In opposition to the preceding observations on territorial perception and separation, the Miraña recognise that a certain number of areas of their territories are reserved for, or “belong to” a specific maloca and to its dominant lineage. They are mainly hunting territories. These spaces are portions of streams of the main river or secondary affluent on which the maloca depends. Here, still, it is not a question of ground that is owned by a local group. It is much more a part of the game that lives there and that the local group estimates is its right to be the first to get, and even to use exclusively (the same applies for the fish that spawn in a maloca’s waters). It should be stressed that game is divided into a certain number of categories including one, at the very least, which is the non-nauseating or not “stinking” game (mainly small game of the ground, which does not possess odoriferous glands: see below). This game is supposed to be partly nourished from the fruit of the old abandoned orchards, and partly from the still maintained gardens. It is opposed to the big and “stinking” game that is relegated to far distant places (i.e. in a non-anthropogenic forest). In fact, any portion of territory which is not under the responsibility of a maloca is regarded as accessible to whomever for hunting. Consequently, the responsibility that a particular maloca can claim over a given portion of territory is wider than the vicinity of its own maloca. It extends until it meets another maloca but stops when it reaches non-anthropogenic forest. It should be added that for game in general, it is thought as being under the responsibility of a Master of the Animals, and that it is not necessary to ask permission for hunting of anybody else but him.

A second portion of the territory grafts onto these hunting territories. This time, however, it is not reserved for a particular human maloca with its dominating lineage, but for the animals. Saltlicks, indeed, are known and named places in which the Miraña often abstain from hunting − more and more rarely today − even if they are assured of finding abundant game.
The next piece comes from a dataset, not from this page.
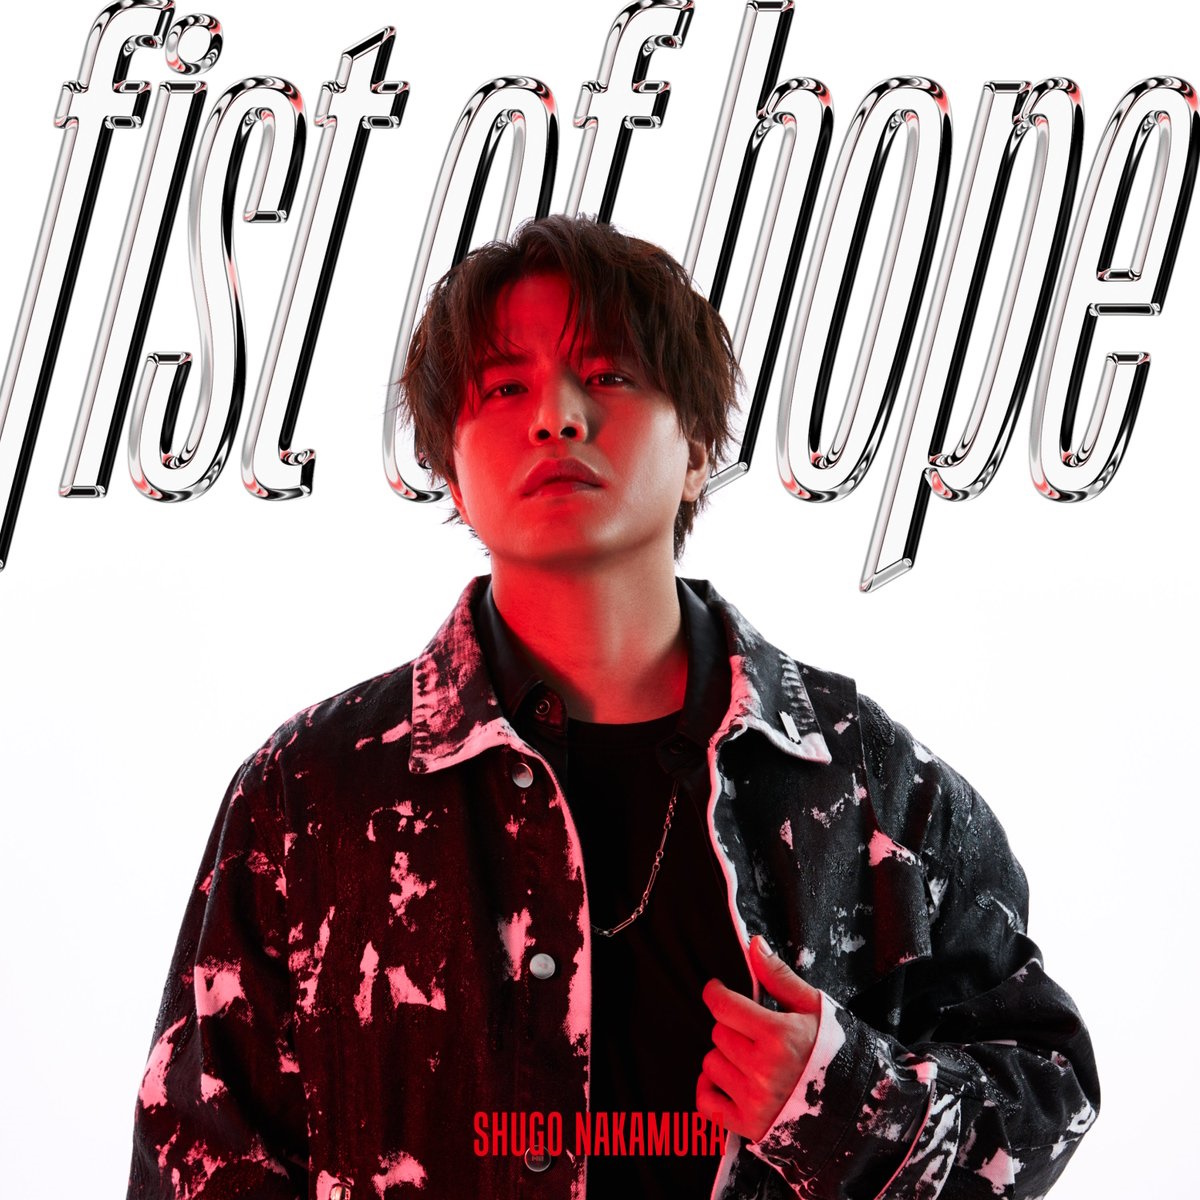 Cover art for『Shugo Nakamura - fist of hope』from the release『fist of hope』

Each one of these saltlicks is perceived as an animal maloca or, to be more precise, as a human maloca when it transforms into a feast place. The different animal species come there to enjoy the abundant salt it produces (it should be remembered that the indigenous groups of the area produce a vegetable salt mixed with tobacco that is of ritual use). The saltlicks are thus directly perceived as places toward which the animals converge in order to fill up with salt. There are thus, within the Miraña territory, some zones explicitly perceived as not being under human responsibility, and to whose inclinations the hunter exposes himself if he decides to hunt there. Non-anthropogenic forest is thus in the same kind of relation to these “animal malocas” as hunting territories are to humans: between them exists some kind of dependence. One cannot hunt without permission of the Master of the Animals.
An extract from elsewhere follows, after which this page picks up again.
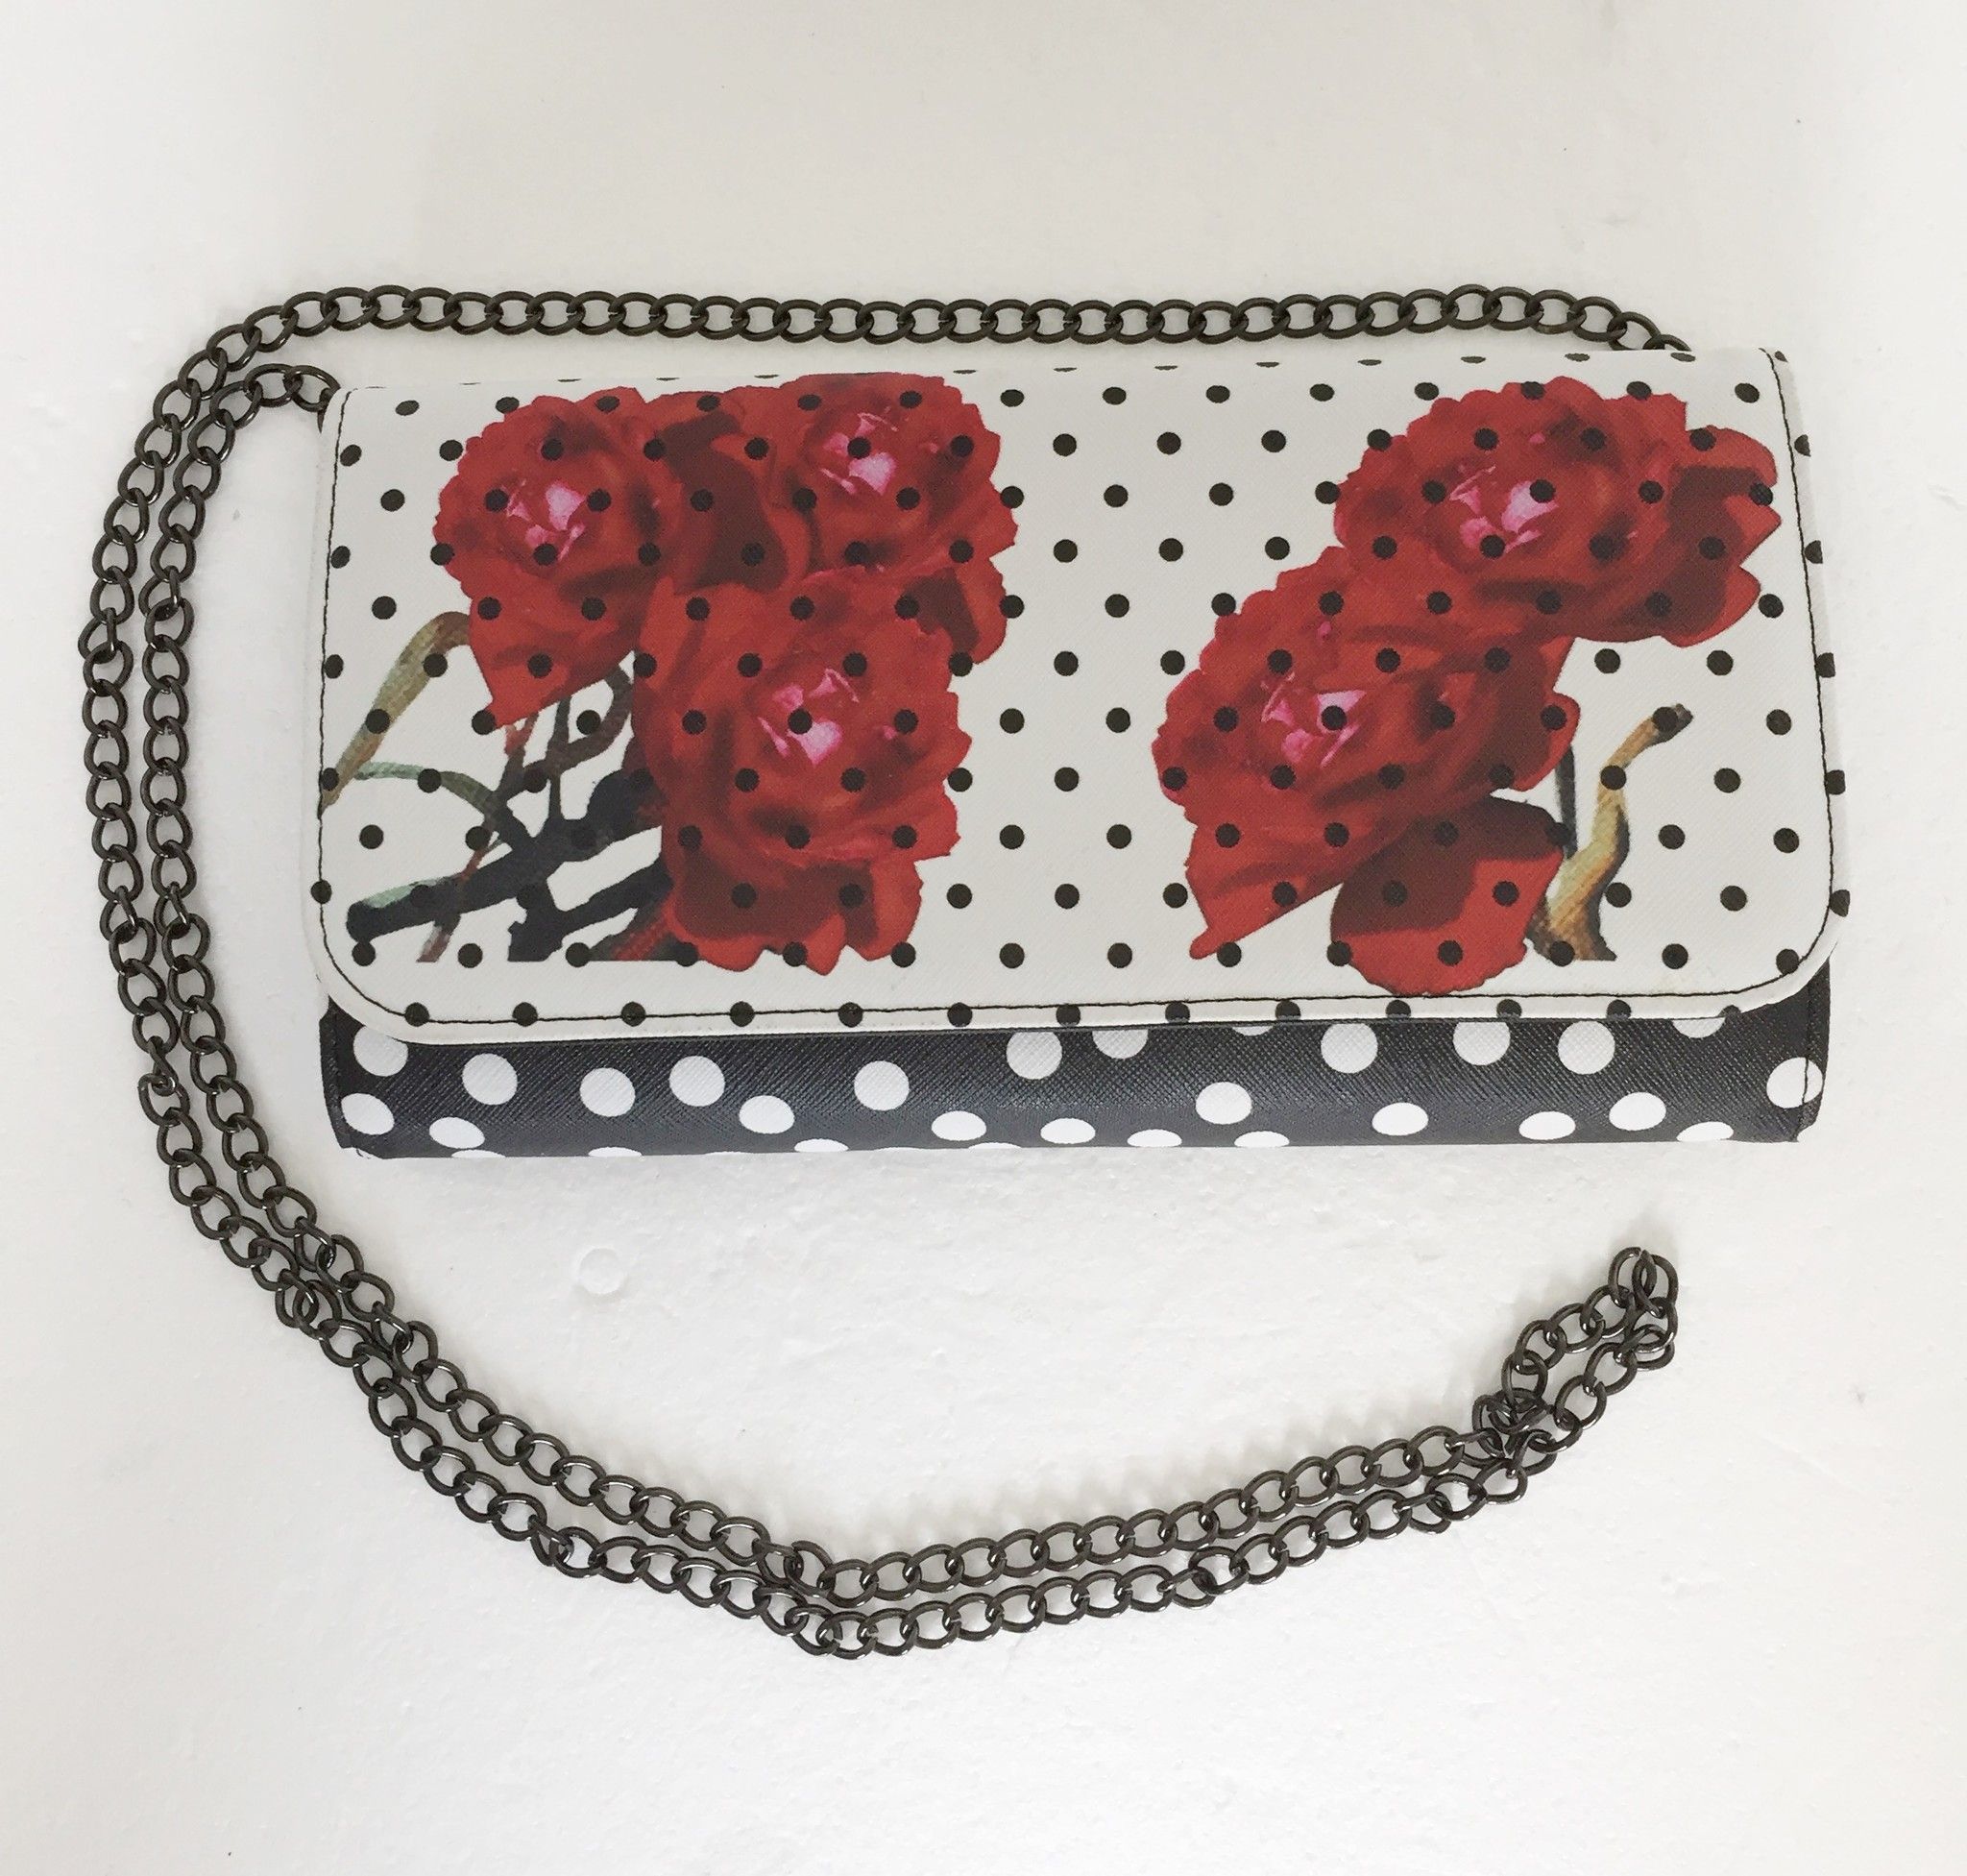 LadyBug clutch bag and flowers with metallic strap Cod.5625

At the very least, this partition of the territory takes into account non-human territories (territory of the primary forest, saltlicks and others) that form local topography in which a whole group of “people” is registered (i.e. human and non-human). It is in this particular context of environmental comprehension that the National Natural Park of Cahuinari came to be settled in 1987. It was superimposed on part of the territory which the current Miraña groups recognize as being under their responsibility (see also Echeverri and Botero 2002: 161-182 for a description of the various stages and results of this creation process). Without wanting to go into the details of the tumultuous relationship between the authorities of the Park and the ethnic group as a whole, it is symptomatic to focus on the juxtaposition of two types of space perceptions − that of the Miraña and finally that of a national state representative − which makes it possible to have a better understanding of the reasons for the repeated cohabitation failures.
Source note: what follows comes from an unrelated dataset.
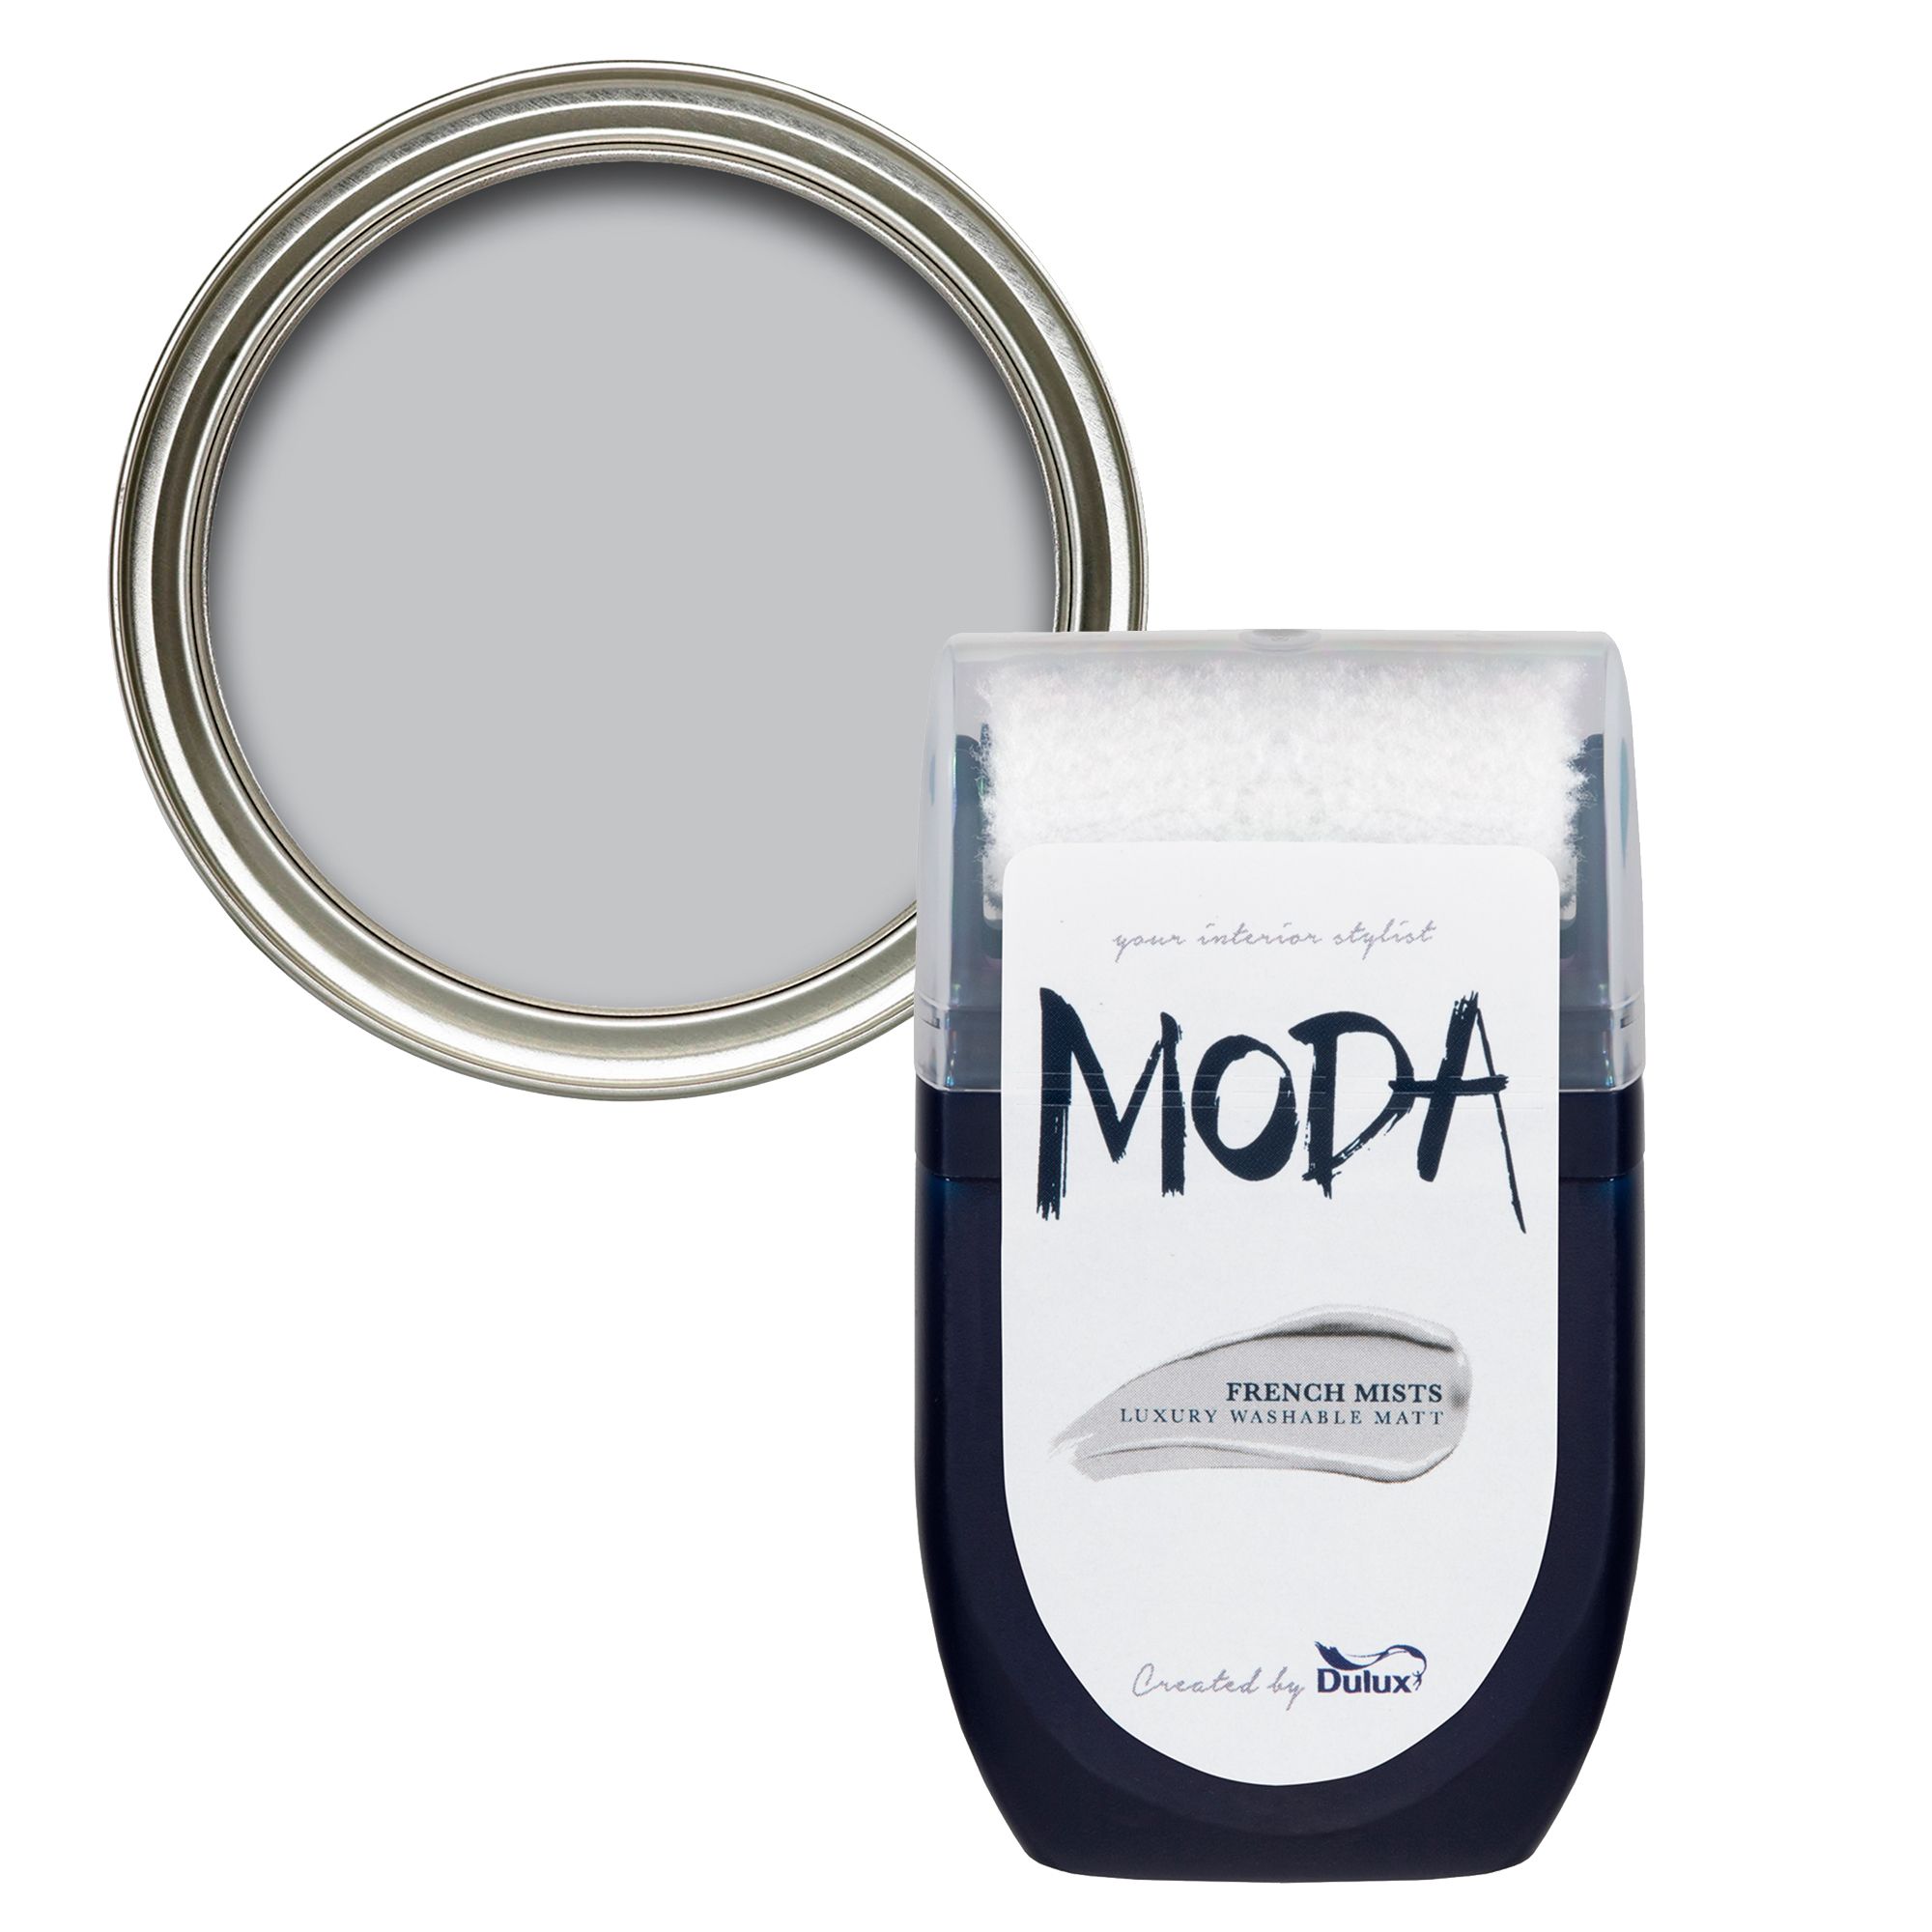 Dulux Moda French mists Flat matt Emulsion paint, 30ml

The very idea of a natural reserve is, it seems to me, foreign to the groups of the area, not so much because such similar zones do not exist in the Miraña tradition − the case of the saltlicks we have just described attests to this − but because the hunter who engages in one of these reserved spaces takes a risk, even if it seems, for him, a calculated one. He knows that he goes into a space where taking game implies putting himself at the mercy of the Master of the Animals. This latter will not fail to send, in response to the killed game, diseases to destroy part of the hunter’s family. The relationship that the Miraña, or the People of the Centre in general, maintain with diseases is not limited to a health problem of one individual; it also extends to the entire group under the responsibility of a local leader. To want thus to institute a space − the National Natural Park of the Cahuinari − in which the game stock is not under the responsibility of the Master of the Animals raises very serious interrogations, on the part of the Miraña, on the finality of such an initiative.

The “bench” or “seat” as concept of centre from which periphery is organised

Such as I have described it, the Miraña model presents a double problem. First of all it is a comparative one, and secondly one of confrontation with the more general conception of the groups of the area. Indeed, if we define a territory as the portion of a continuous space delimited by borders, there is, after all, no problem in finding a centre inside it. Moreover, it does not matter, in a non-Amerindian − or occidental − model, where the centre is; the limits, in fact, take precedence over it. In this occidental model, it is the outside which models the contour of the territory, and the frictions − if frictions there must be − generally occur at its margins. The centre is of little importance; in fact it does not exist in the definition of the territory insofar as it does not modify anything in its contours. It is even necessary to radicalize this point of view by affirming that the occidental model is an expansionist one as long as it does not meet resistance that imposes a limit, which will be, moreover, quickly transformed into border.

In opposition, the establishment of a maloca by the Miraña − and more generally among People of the Centre − implies the creation, in its centre, of a “Place of ashes.” It is a place where leaves are burned to produce ashes to be mixed with the coca powder and where a maloca chief receives the visitors and the male members of the house to distribute his coca and tobacco. Each one of these places receives a seat or bench that materializes the authority and extension of the aura of its owner. Only the creation of a centre permits the organization of the remaining territory related to this centre. But still here, the idea of the possession of the territory does not appear at all. It is much more an occupation of it that has to be marked, where occupation acts more as an establishment of sovereignty over a space than an appropriation of the ground.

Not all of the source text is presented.